TTABA was an autonomous body that government had agreed to support because of its success rate, with farmers benefiting the most from their programmes. Understandably, there were conflicts among TTABA’s management, the government ministries, and other affiliated institutions. By the time the coalition came into power, TTABA was seen as a PNM creature that had to be dismantled. And so what was five years earlier a most promising venture in the agro sector collapsed and died. Some farmers who had established their own line of marketing, survived. In the name of hunting down corruption, officials from the new government destroyed all the positive and progressive work done by the organisation.

Fast forward to today and Dr Rowley’s “sexy” agriculture; I wonder if those eager faces I saw will remain smiling should the PNM lose the upcoming election. The experiences we have had so far tell us that when one government goes out of power, the incoming regime must undo everything their predecessor did. This modus operandi is what saw the Brian Lara Cricket Academy hung up for years gathering moss and rust before it became what it is today, where everybody and their brother attend cricket, fetes and sundry events.

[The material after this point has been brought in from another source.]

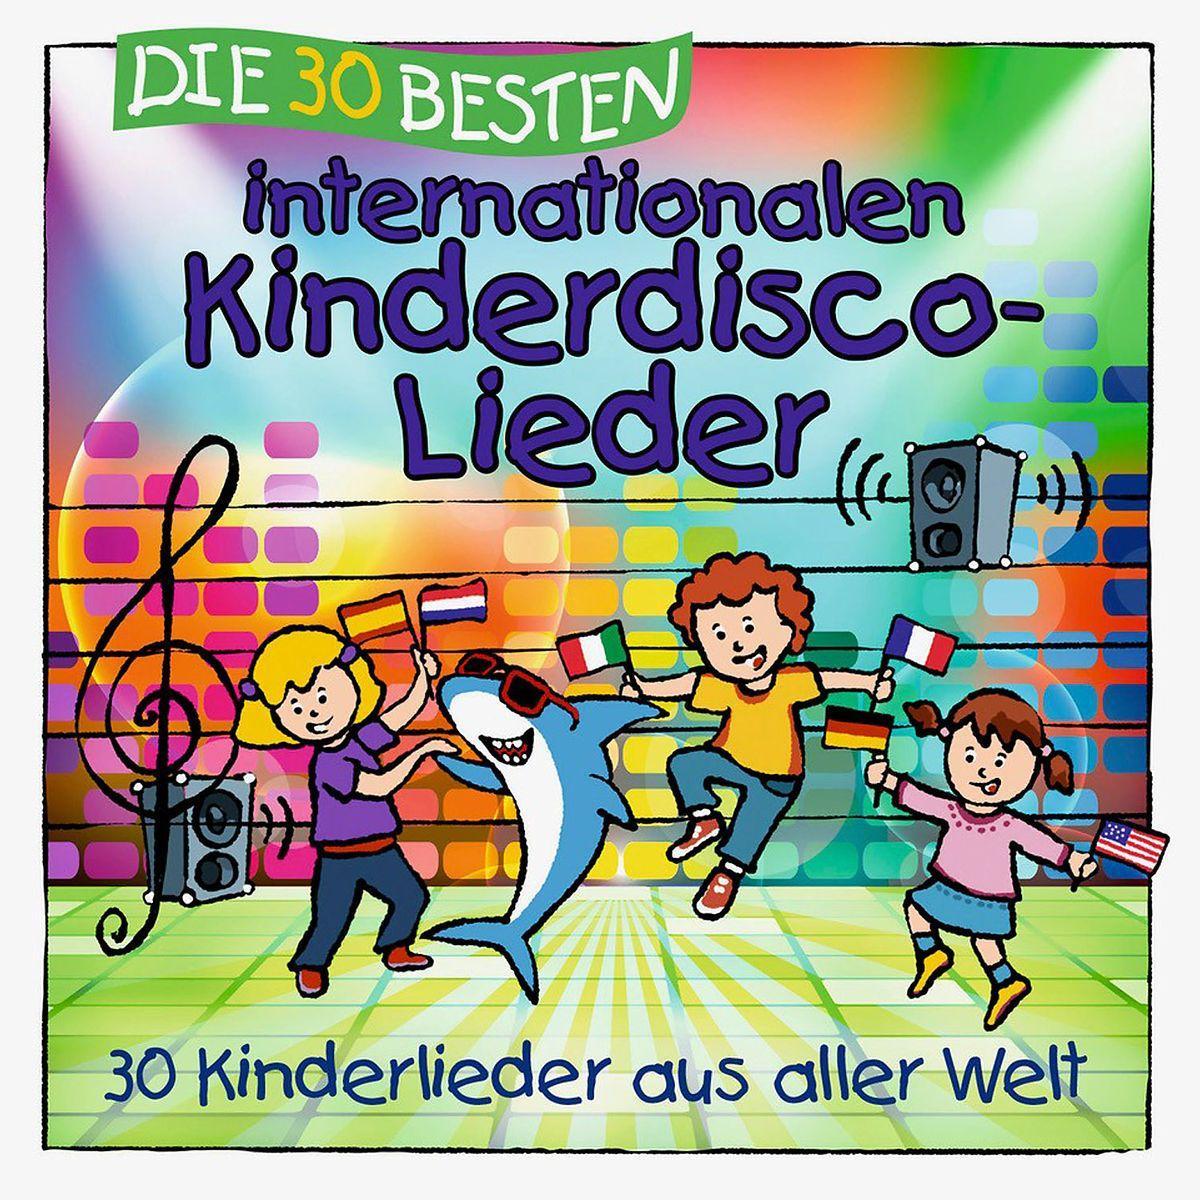 Audio Die 30 besten internationalen Kinderdisco-Lieder

I should tell PM Rowley that he is no pioneer in promoting “sexy” farming. Back when I was a teenager there was a pretty girl in Freeport who married into an agro-family and could be seen on any good day driving their tractor into the farms and on the roads. There was some competition for female farmers that “Theo”, what we called her, won. Perhaps it was women like Theo, who was as sexy as it gets in farming, who encouraged the likes of Dhanoo and others to enter that field. Who knows?